You can see how to do this kind of problem by looking here.
A train is travelling from A to B. After it travelled one hour, it stops and then continues it's voyage with a speed that is equal of 3/5 of the initial speed. It arrives at B with a delay of 3 hours . If the train would have stopped 50 km further than the point where it first stopped, it would have arrived 1h 40 min early. Find the initial speed and the distance between A and B.
So pick a variable for the original (fast) speed, like 's'. The distance is some value 'd'.

Make an expression with the variable so the expression means 'three-fifths of fast speed'.

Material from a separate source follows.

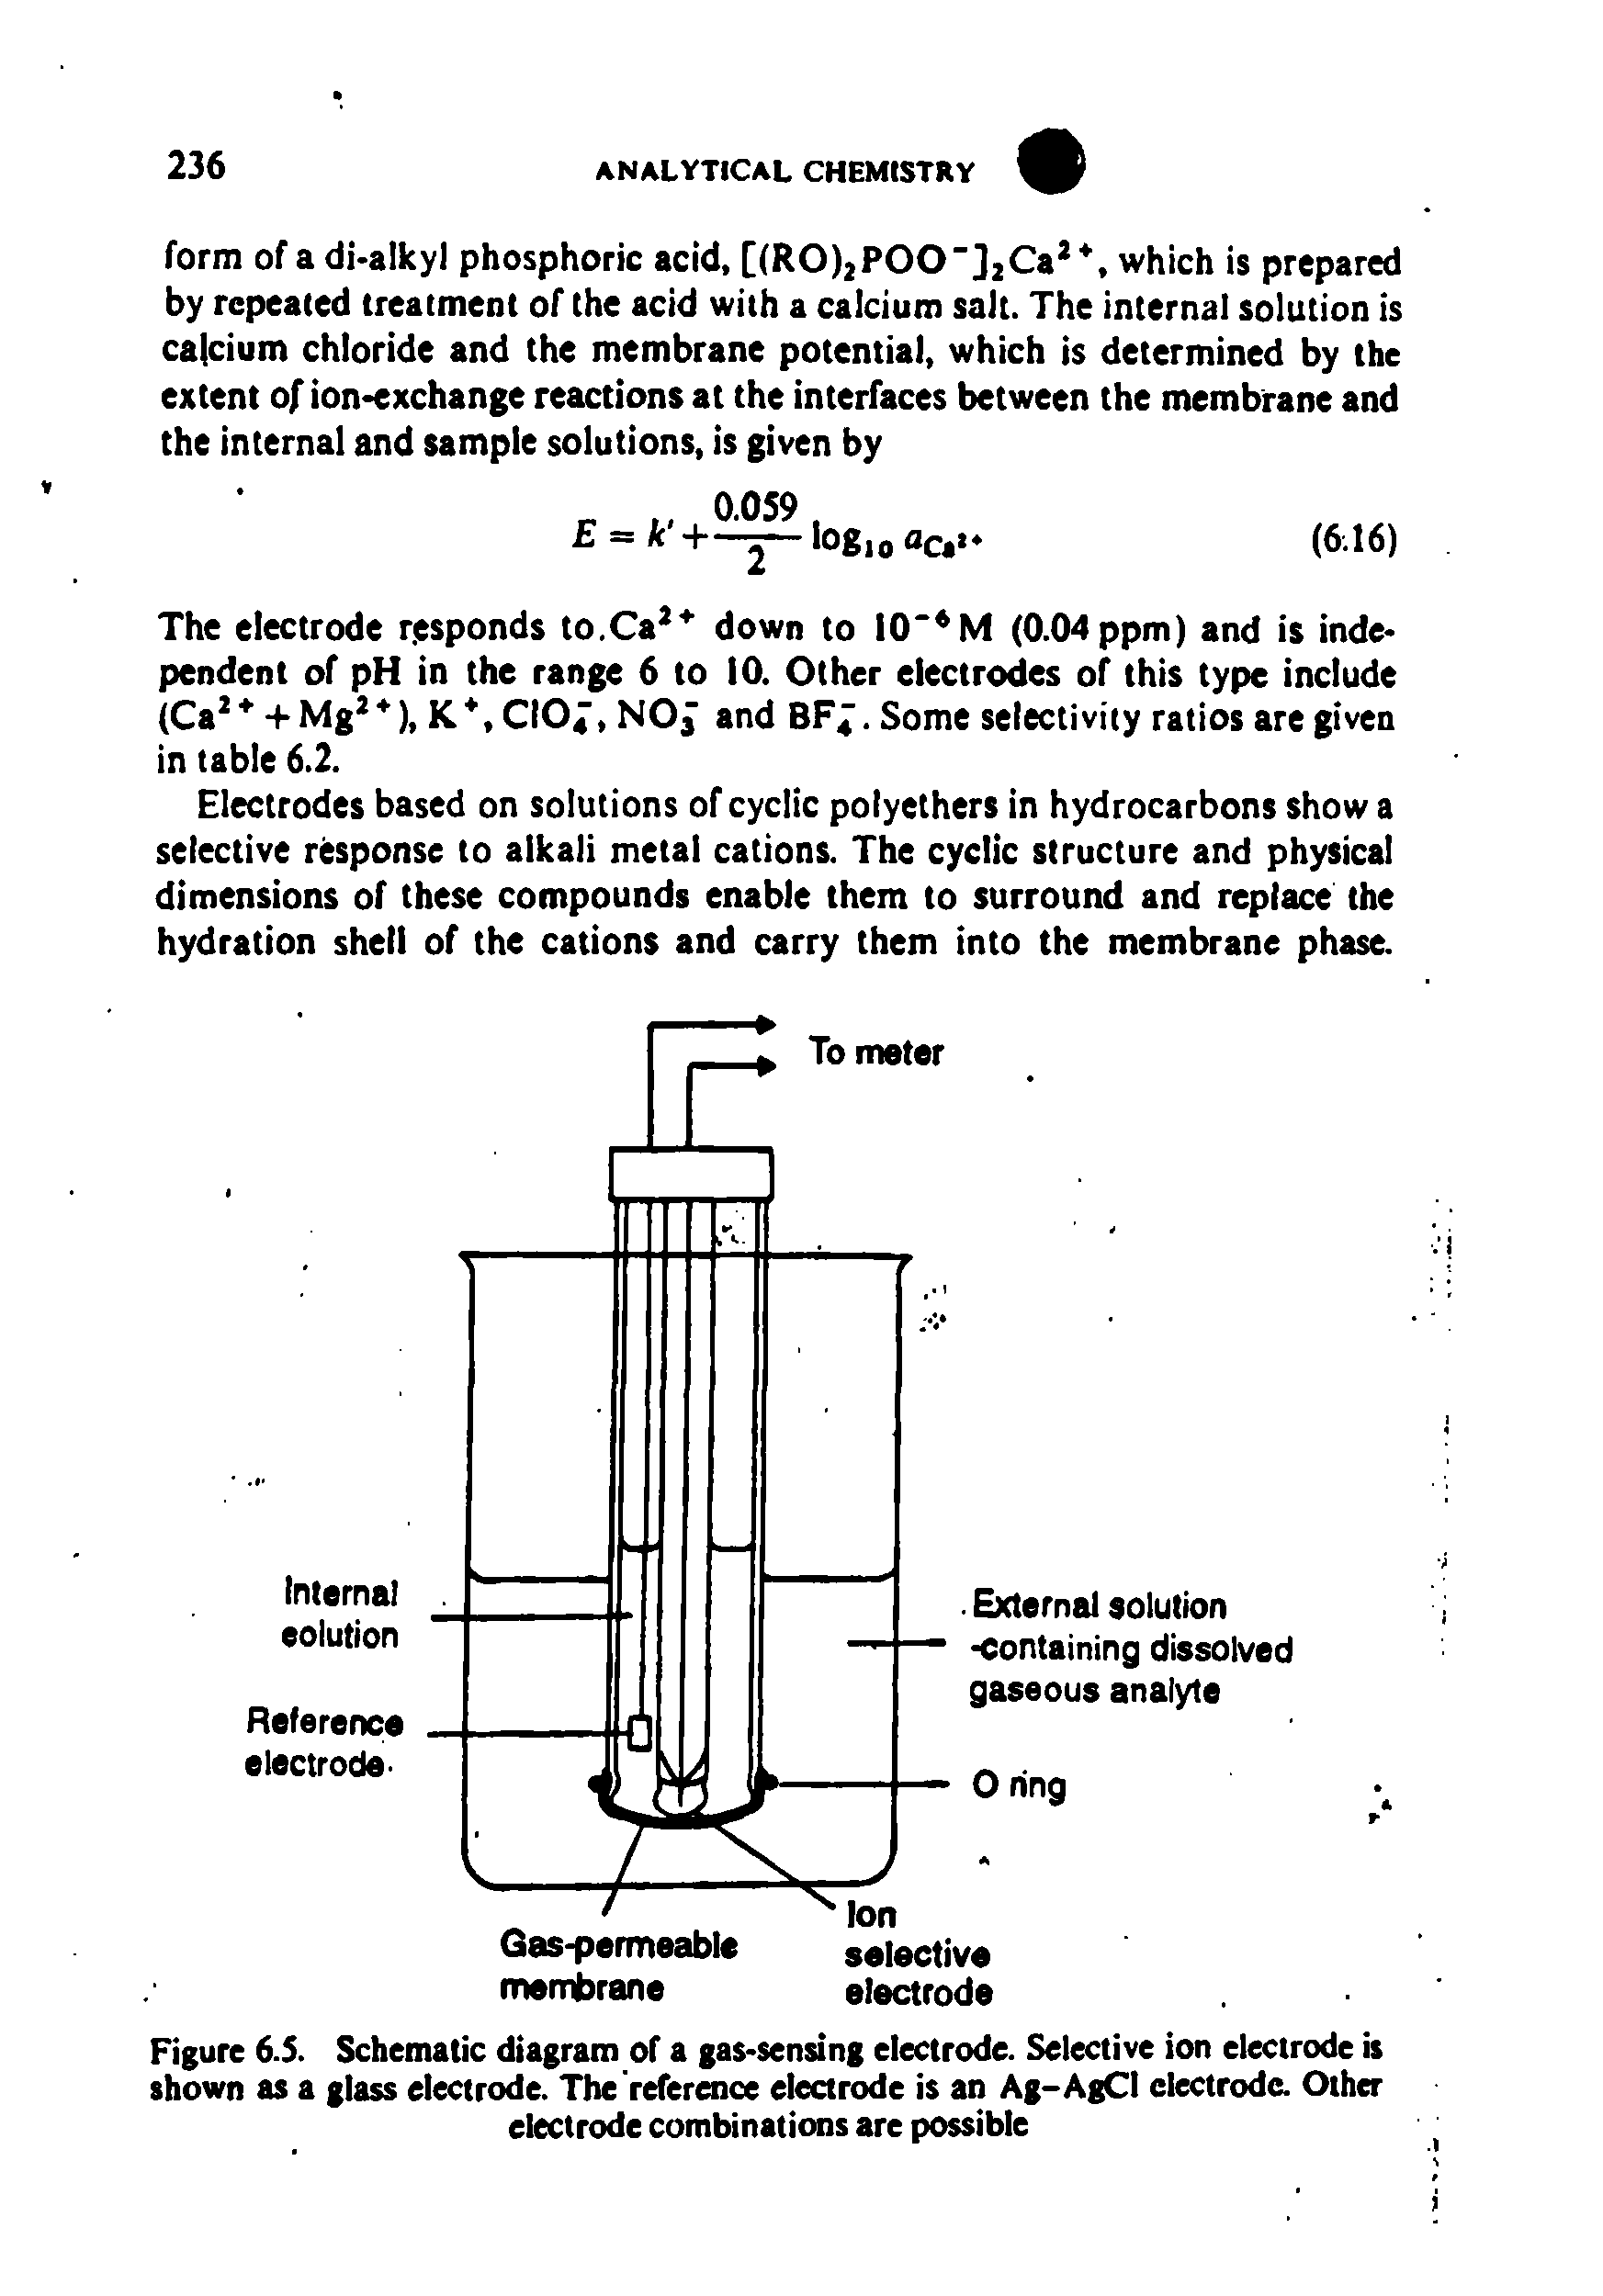 Figure 6.5. Schematic diagram of a gas-sensing electrode. Selective ion electrode is shown as a glass electrode. The reference electrode is an Ag-AgCI electrode. Other electrode combinations are possible...

If there had been no stop, then the time (from 'd=rt') would have been t=d/s.

Now take the two parts of the actual trip. The first part is 1*s = s. The rest of the distance is d-s. The rate will be (3/5)s. Then the time will be the first hour, plus the time (from 'd=rt') for the rest, which is (d-s)/((3/5)s). Since this is three hours more than usual, the time is d/s + 3. Use this to make an equation.

Do the same sort of thing for the 'if the train had stopped sooner' part. This will give you two equations with two variables, so you can solve.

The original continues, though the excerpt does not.